## Collected data:
Segment Open

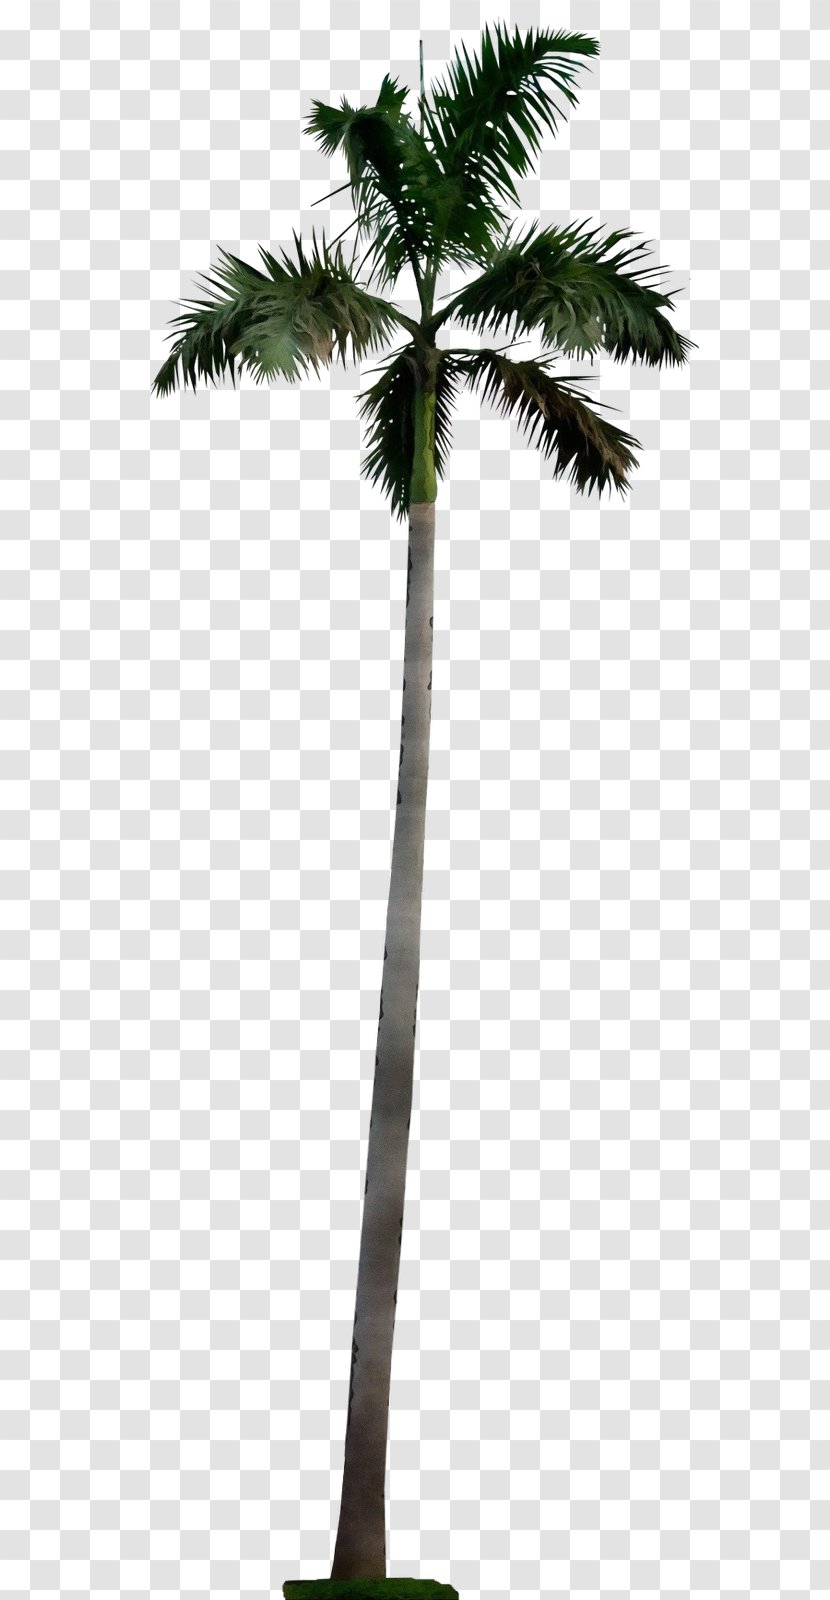 Cartoon Palm Tree - Arecales - Branch Twig Transparent PNG
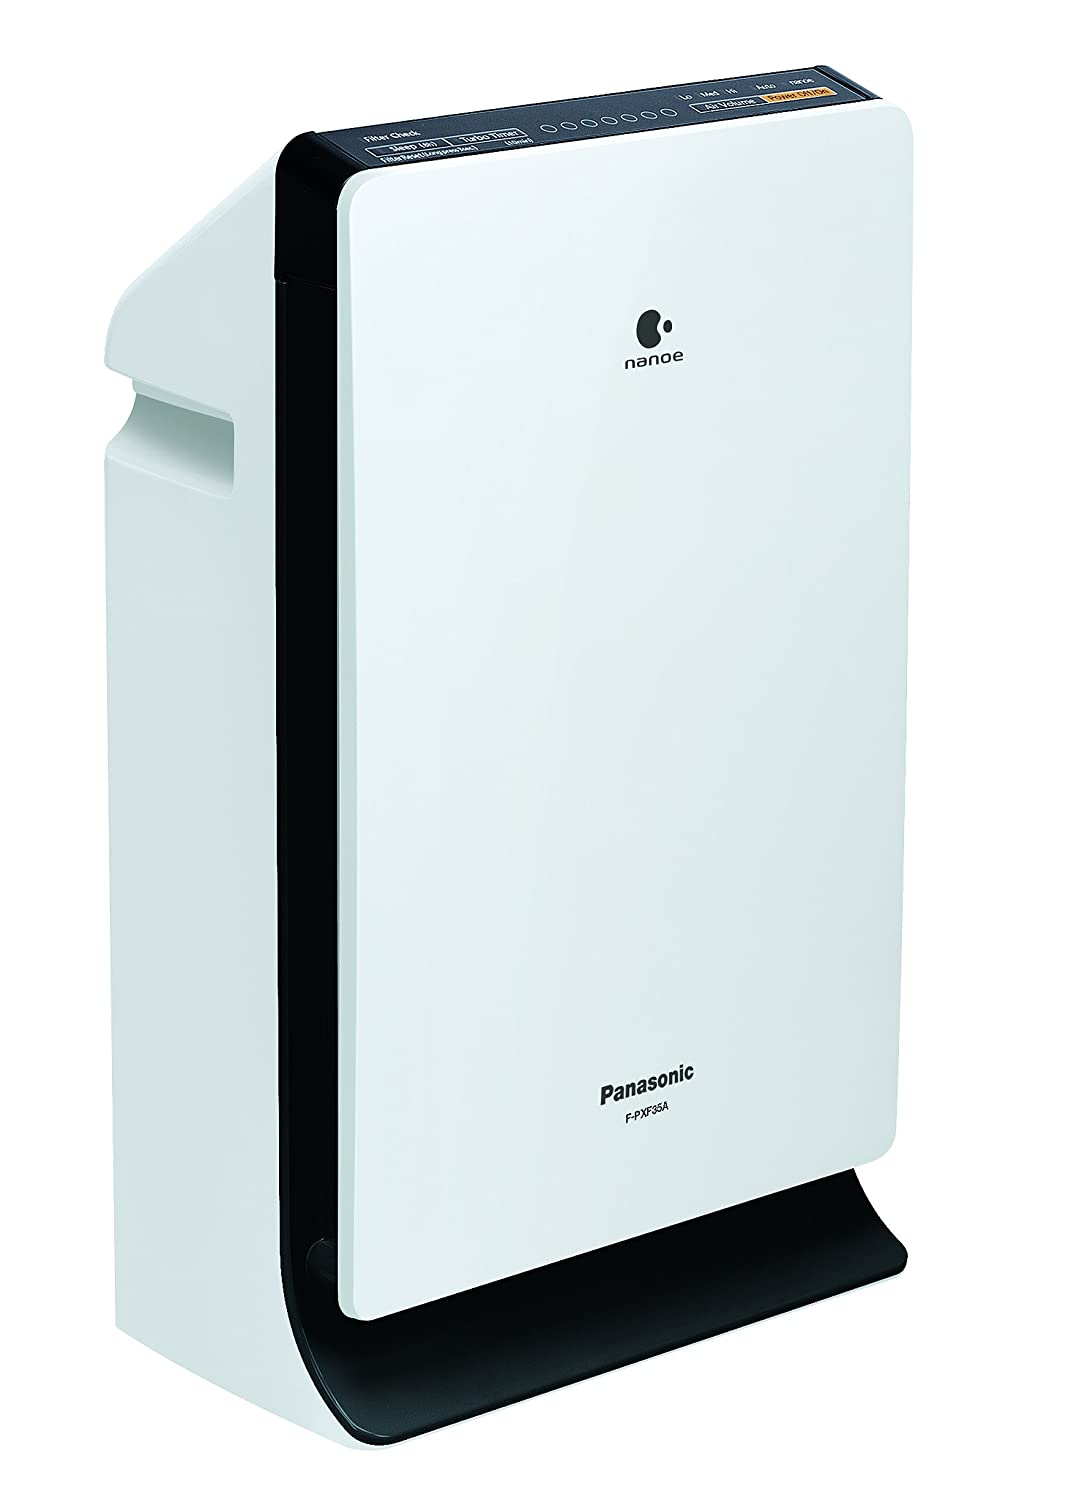 Panasonic F-PXF35MKU(D) can remove 17 kinds of viruses, bacteria, odours, and 99% allergens.
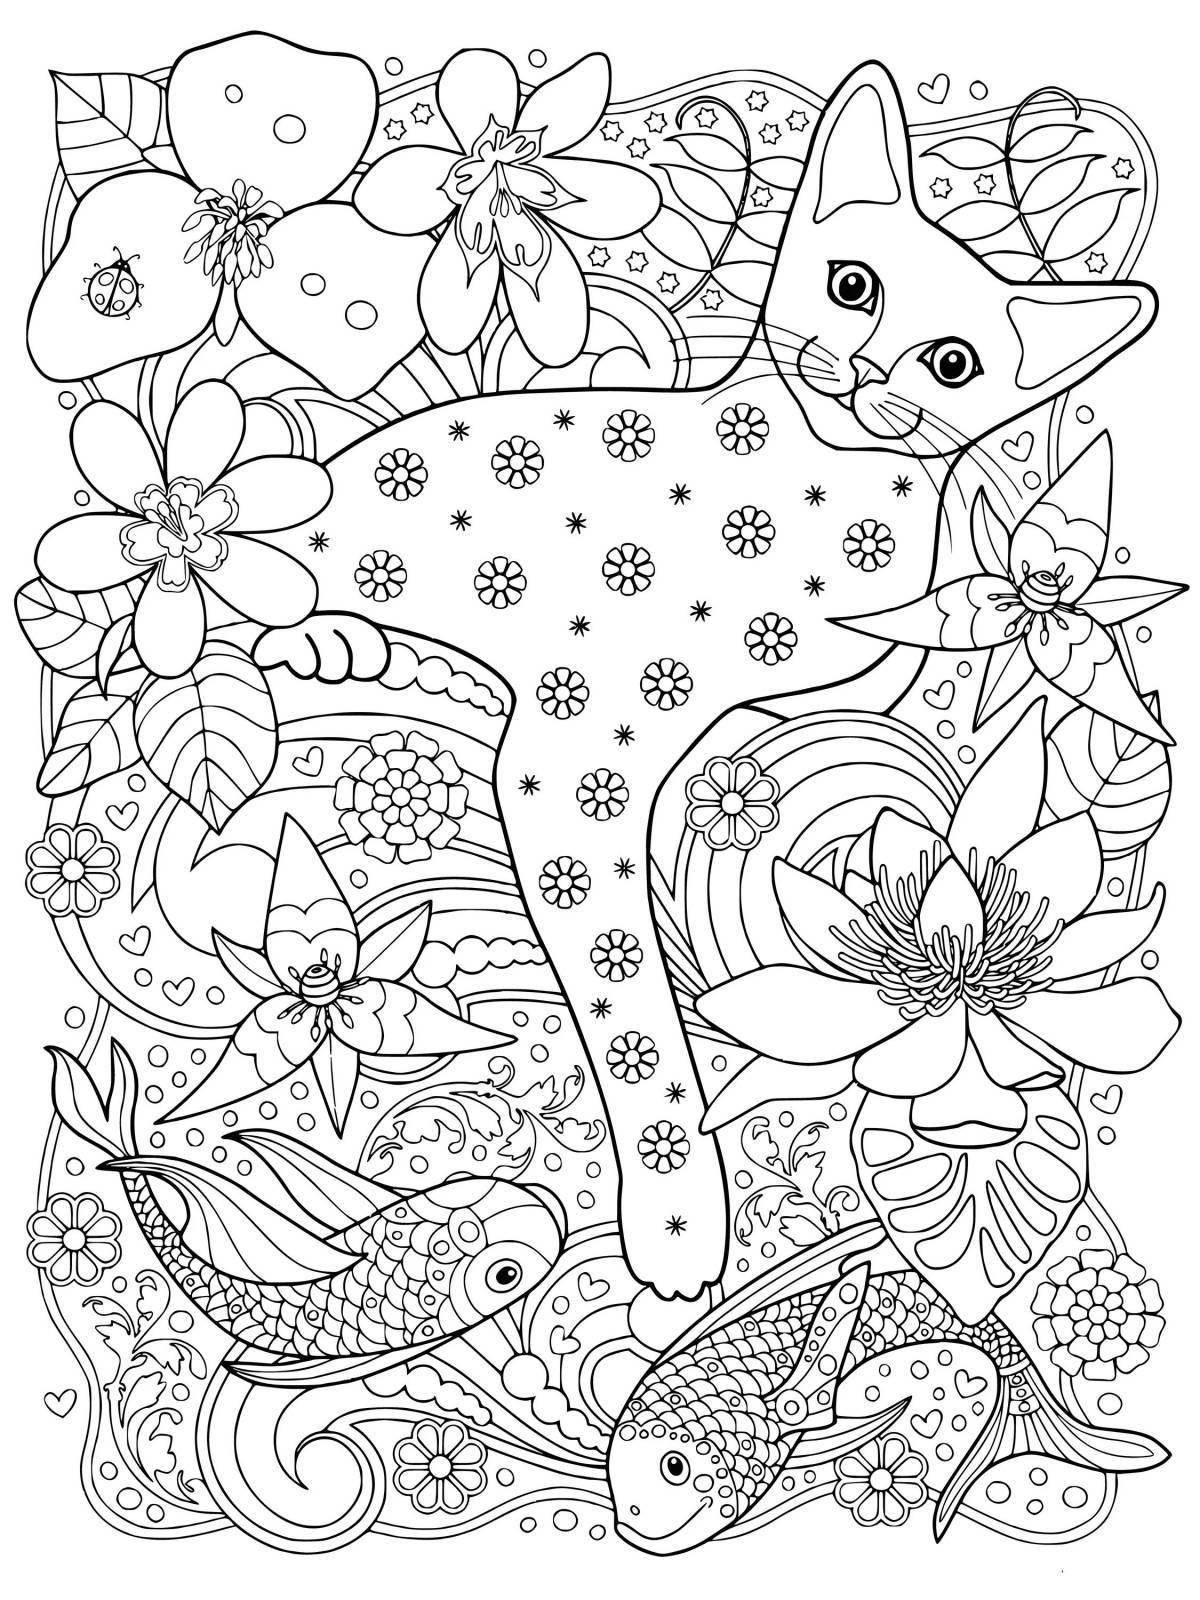 Awesome anti-stress cat coloring book for girls

Segment Closed

With the pictures removed, copy the data above word for word.

## Solved problem:
 Cartoon Palm Tree - Arecales - Branch Twig Transparent PNG
 Panasonic F-PXF35MKU(D) can remove 17 kinds of viruses, bacteria, odours, and 99% allergens.
 Awesome anti-stress cat coloring book for girls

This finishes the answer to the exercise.